Your instructions >> Reproduce only this range: the line holding "meuble tv contemporain" through the last line of the data below, both included, exactly, with no pictures.

Material provided >>

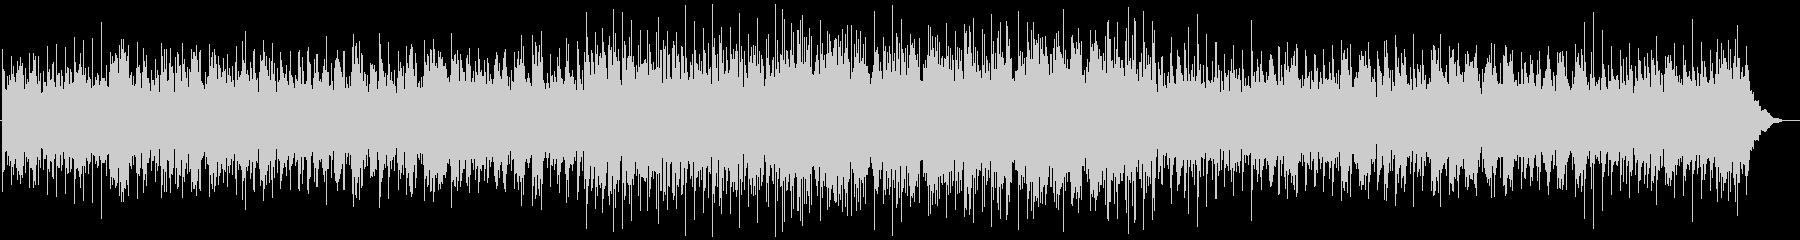 ほのぼのバンジョーのフォーク調BGMの未再生の波形
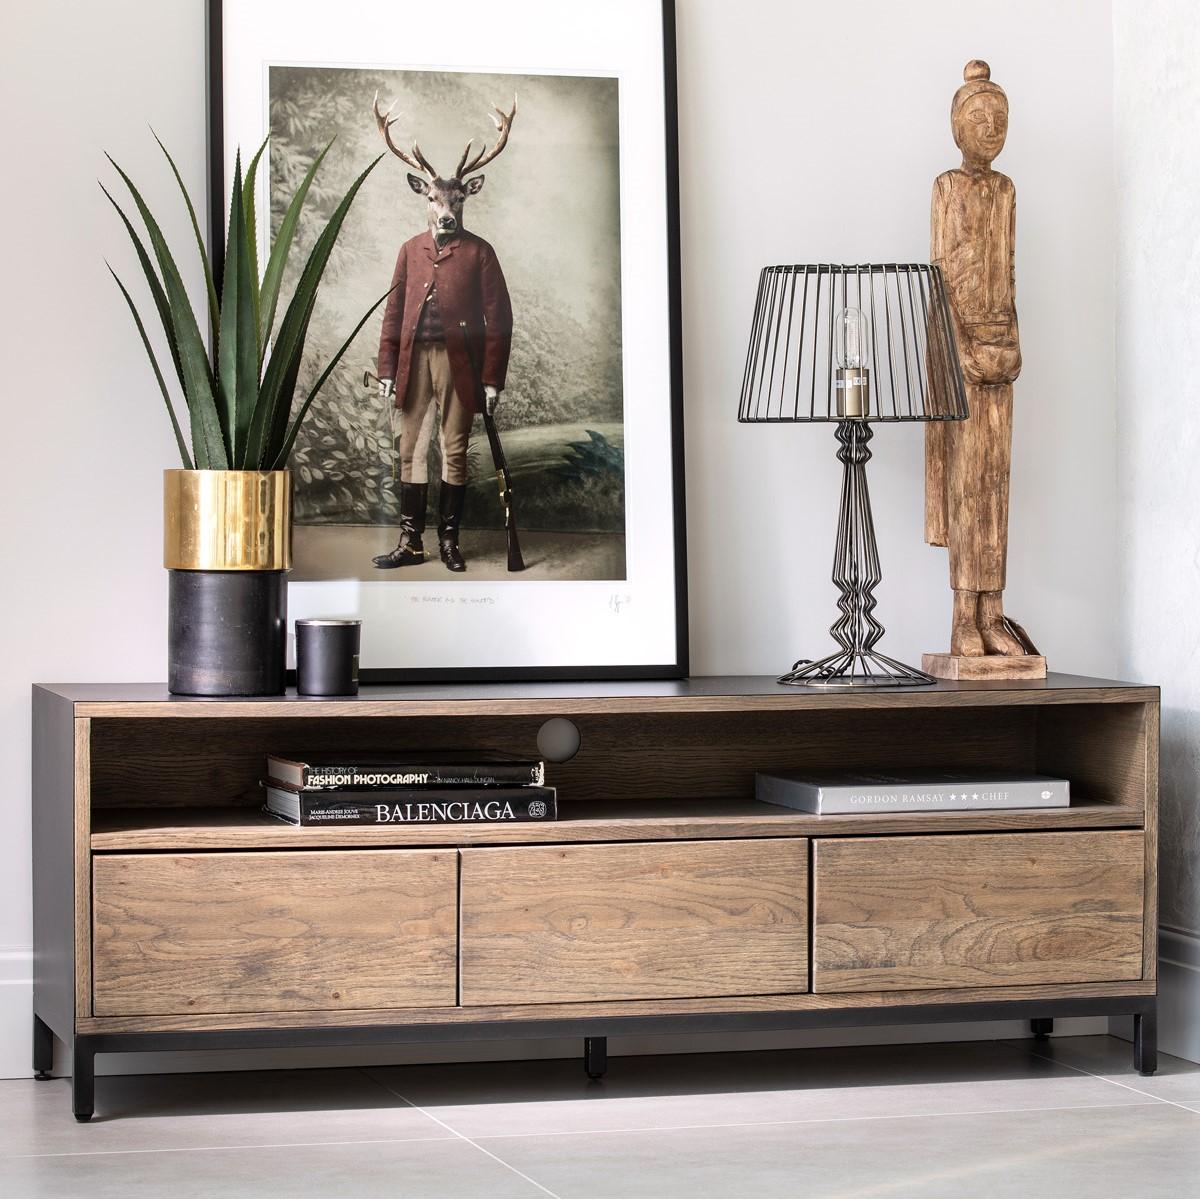 meuble tv contemporain chene massif encadrement metal noir hudson
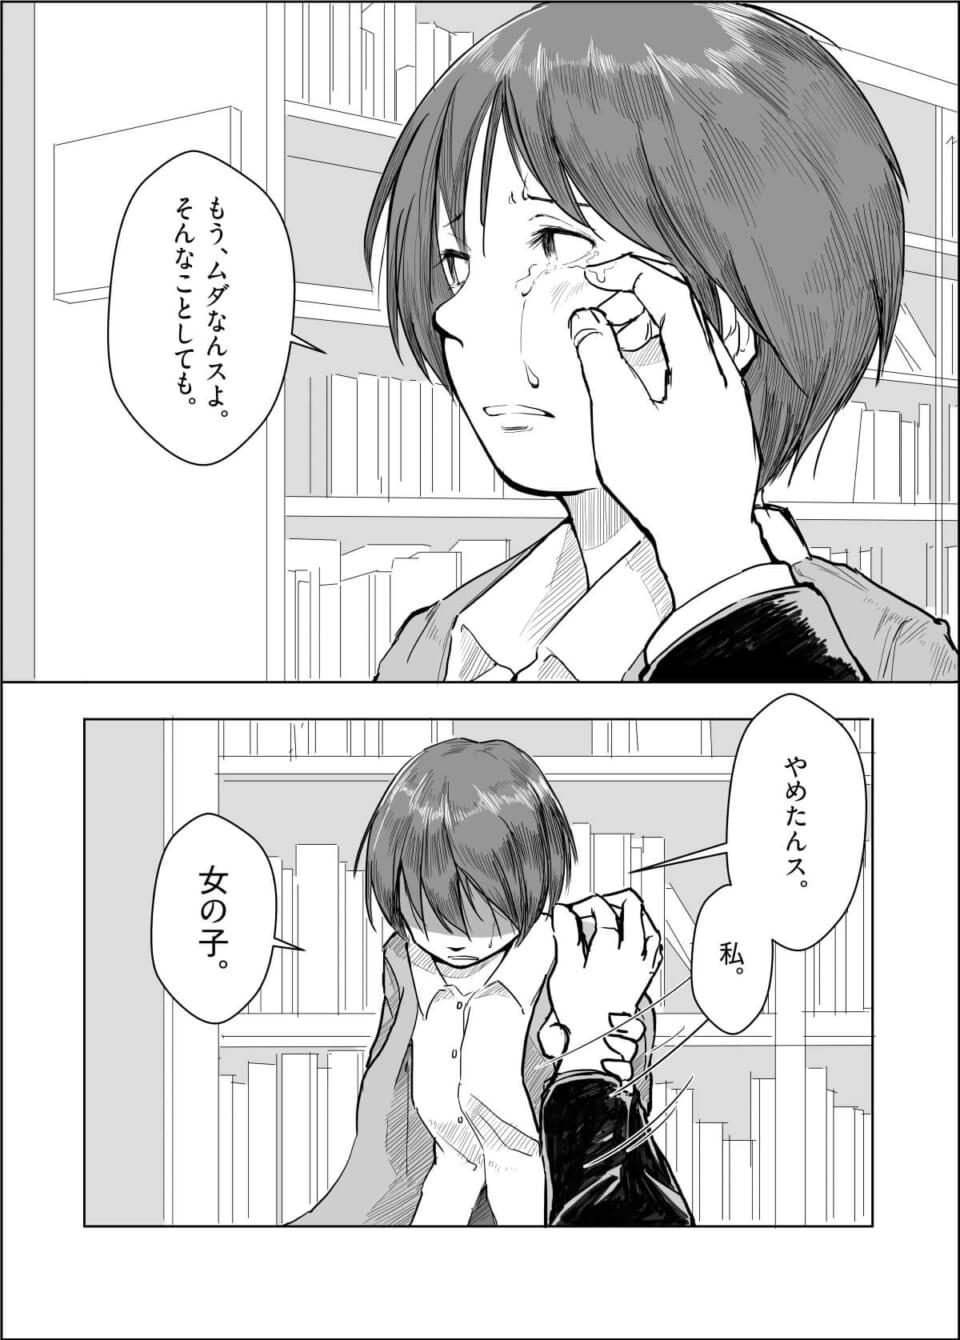 次作へのスケッチ②
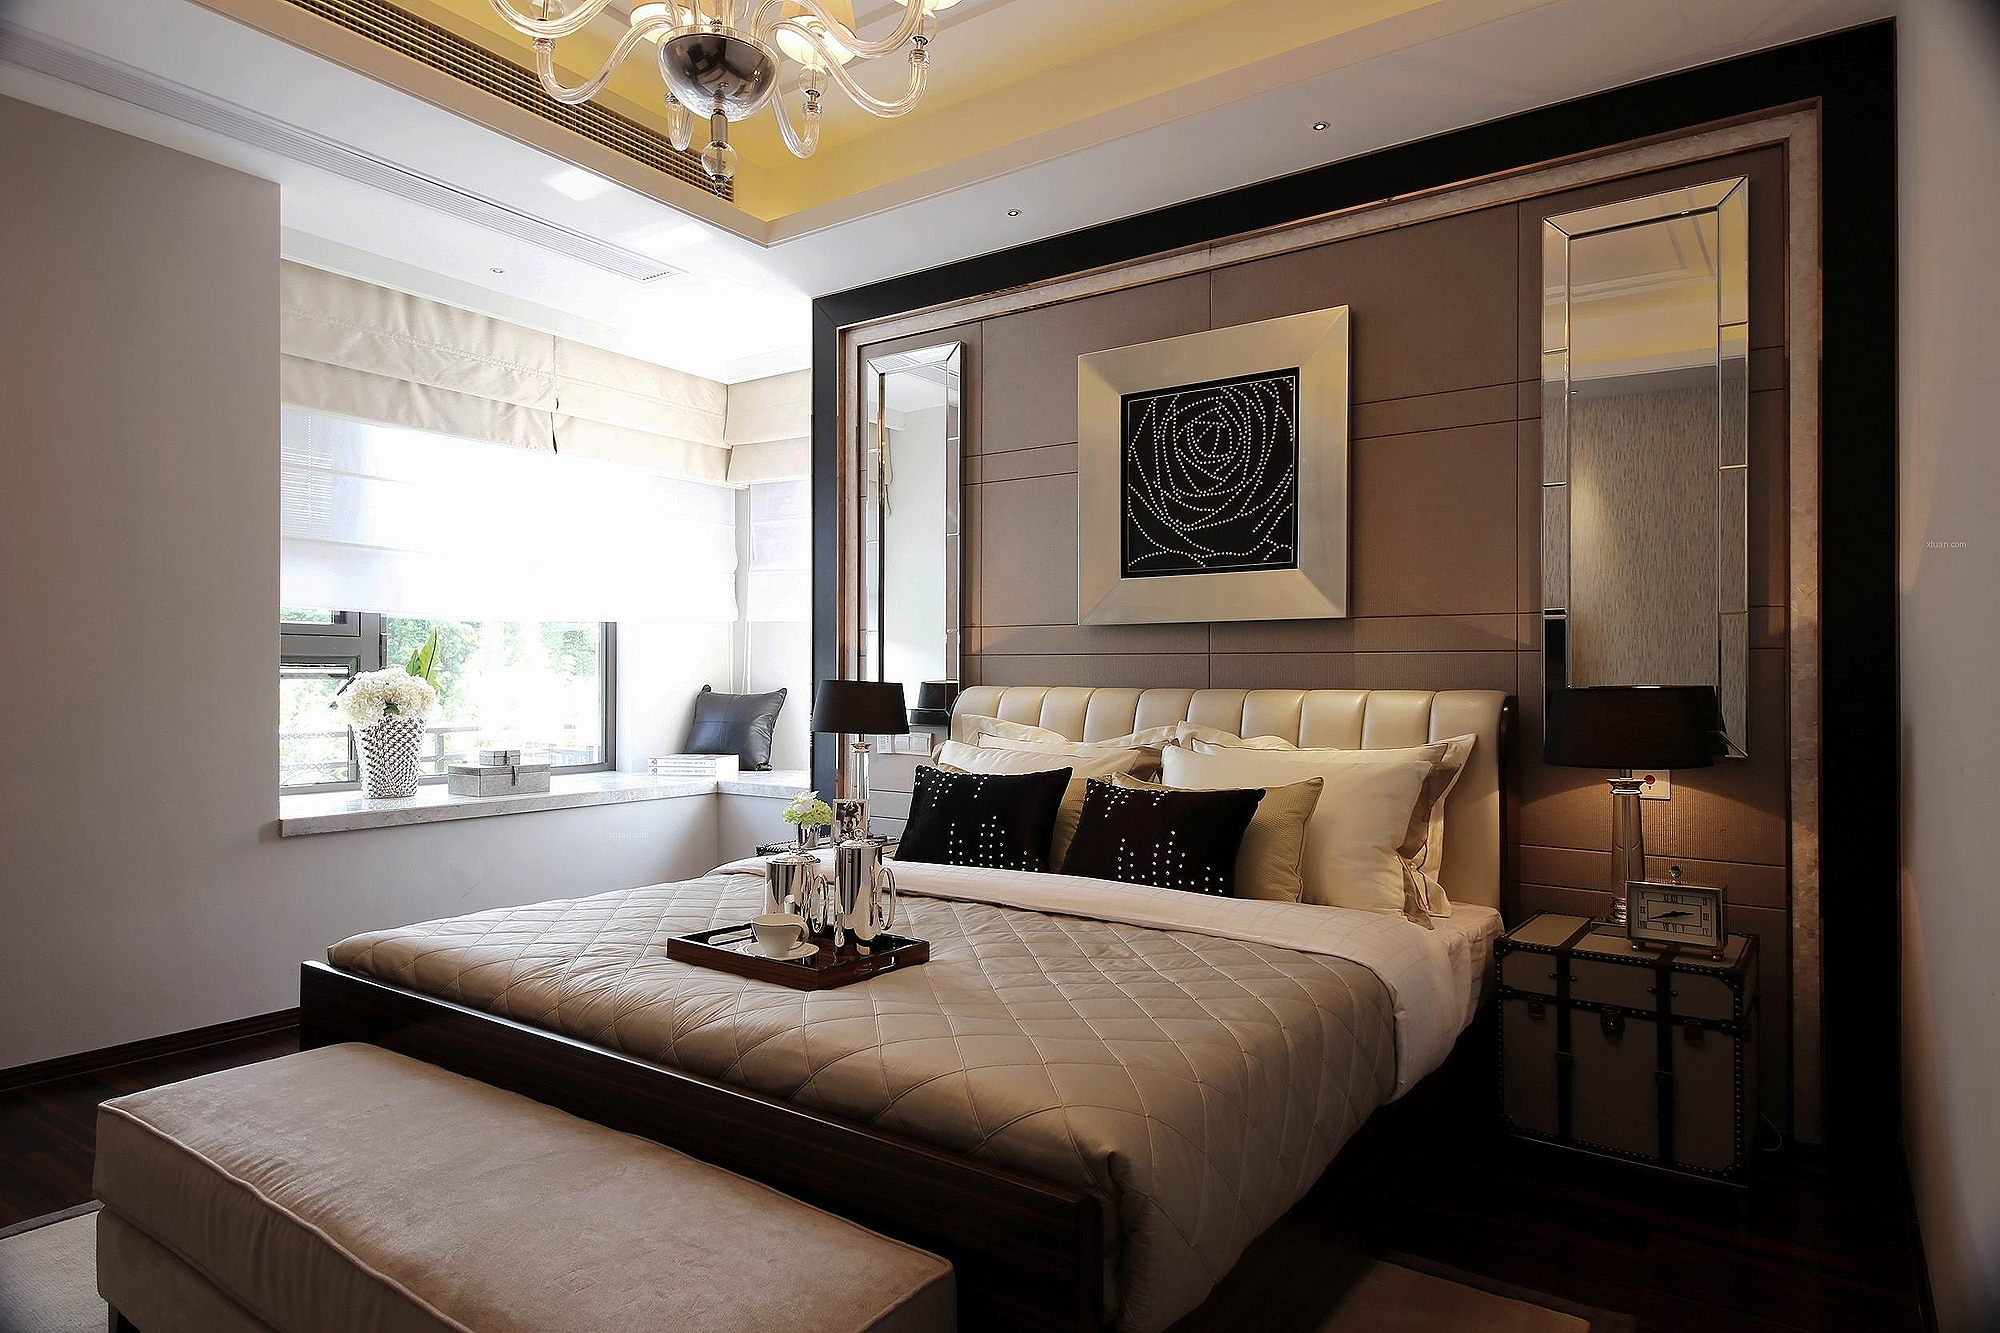 前海广场 户型图 原始结构图 好易家 装饰 装修 现代简约 卧室图片来自好易家装饰集团在前海广场的分享

Reply to the exercise >>
 meuble tv contemporain chene massif encadrement metal noir hudson
 次作へのスケッチ②
 前海广场 户型图 原始结构图 好易家 装饰 装修 现代简约 卧室图片来自好易家装饰集团在前海广场的分享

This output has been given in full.